Этюды о непонятном. Сборник эссе - Виктор Кротов
Шрифт:
Интервал:
Закладка:
Однако наш славный герой умеет не только наблюдать, но и думать. Едва освоившись с новой Вселенной, он обращается к Сфере с просьбой – наивной и точной. Он просит показать ему четырёхмерный мир. Сфера опешила, она недоумевает. Какой-такой четырёхмерный мир? И вот уже Квадрат смиреннейшим образом её наставляет. Он рассказывает про увиденное во сне Одномерие, делится своими новыми переживаниями и спрашивает, наконец, Сферу: не было ли и в трёхмерном мире случаев столь же необъяснимых, как те, с которыми он, Квадрат, столкнулся, благодаря Сфере. Если же были (а Сфера этого не отрицает), то не свидетельствуют ли они о следующем, четвёртом измерении бытия? Но Сфера негодует, она твердит о беспочвенных иллюзиях и мистических выдумках: ведь все, кто заикается о четвёртом измерении, довольно быстро попадают в сумасшедший дом. И вот простодушный Квадрат, не догадавшийся вовремя унять свою любознательность, сброшен обратно в своё двумерное жилище.
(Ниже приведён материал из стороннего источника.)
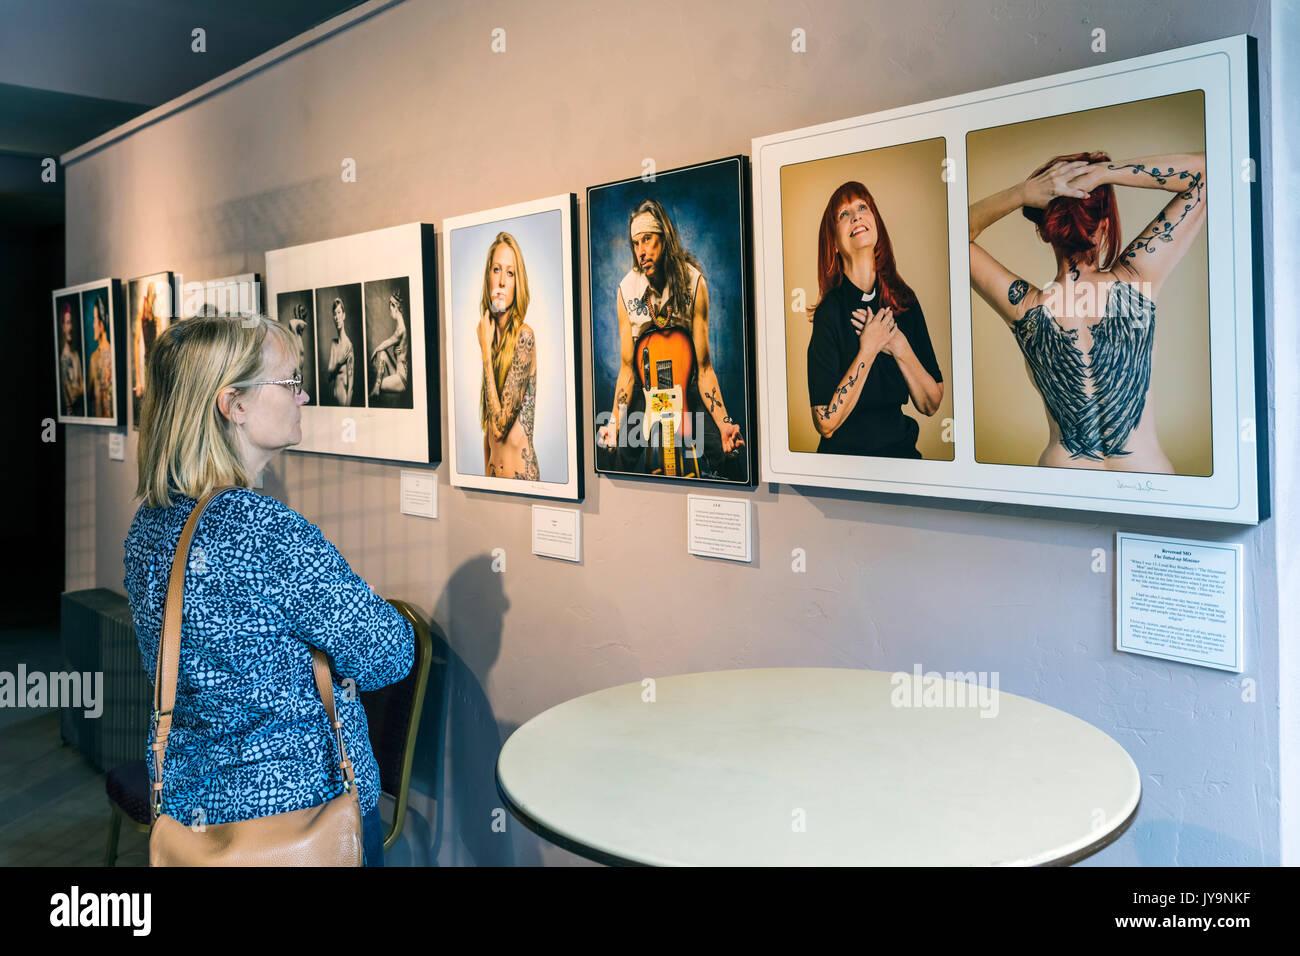 Mujer viendo Gicleé impresiones fotográficas de gente tatuada; Paquette Galería; SteamPlant Event Center; Salida, Colorado, EE.UU. Foto de stock

Разумеется, он не в силах был молча хранить в себе истину. Он написал трактат о тайнах трёхмерного пространства. И, разумеется, был вместе со своим трактатом своевременно и навсегда заключен куда следует. Финал чрезвычайно правдоподобен, как и вся эта столь абстрактная, казалось бы, книга.
Жизнерадостный математический ум увлечется, возможно, идеей расширения многомерности до полного отупения. Он будет вкладывать миры друг в друга, как диковинные матрешки. Оставим его забавляться теорией.
Это роман о четвёртом измерении. Не о выдуманном двумерном мире и не о трёхмерном, слишком на него похожем. О четвёртом измерении как о нашей с вами способности воспринять необычное. Так его и читайте. Не обознайтесь. Не примите за трёхмерное сочинение.
Не будем о замысле
«Ты все донимаешь меня: думаю ли я о своем замысле, и если да, то что, и каков он. Полнейший сразу тупик. Тянет просто отшарахнуться в сторону. Замысел, промысел, провидение, судьба наша в чьих-то руках. Вопрос-ловушка. В нее попадаешь, уже только приняв сам вопрос – за поставленный, за существующий реально-проблематично в своей жизни. Замысел. Нечто за-мысленное, придуманное кем-то, рассудочное. Может, мною? Но тогда вовсе не стоит моего же мысленного самокусания. А если не мною, то что же, соседом, собратом по мысли придуман мне мой замысел, и вот сейчас я сяду и логикой своей его раскушу, распробую в сладостных умственных потугах? Скорее уж – окажется он выше, вне моего умствования, моей логики и разумения, но тогда к чему об этом?..»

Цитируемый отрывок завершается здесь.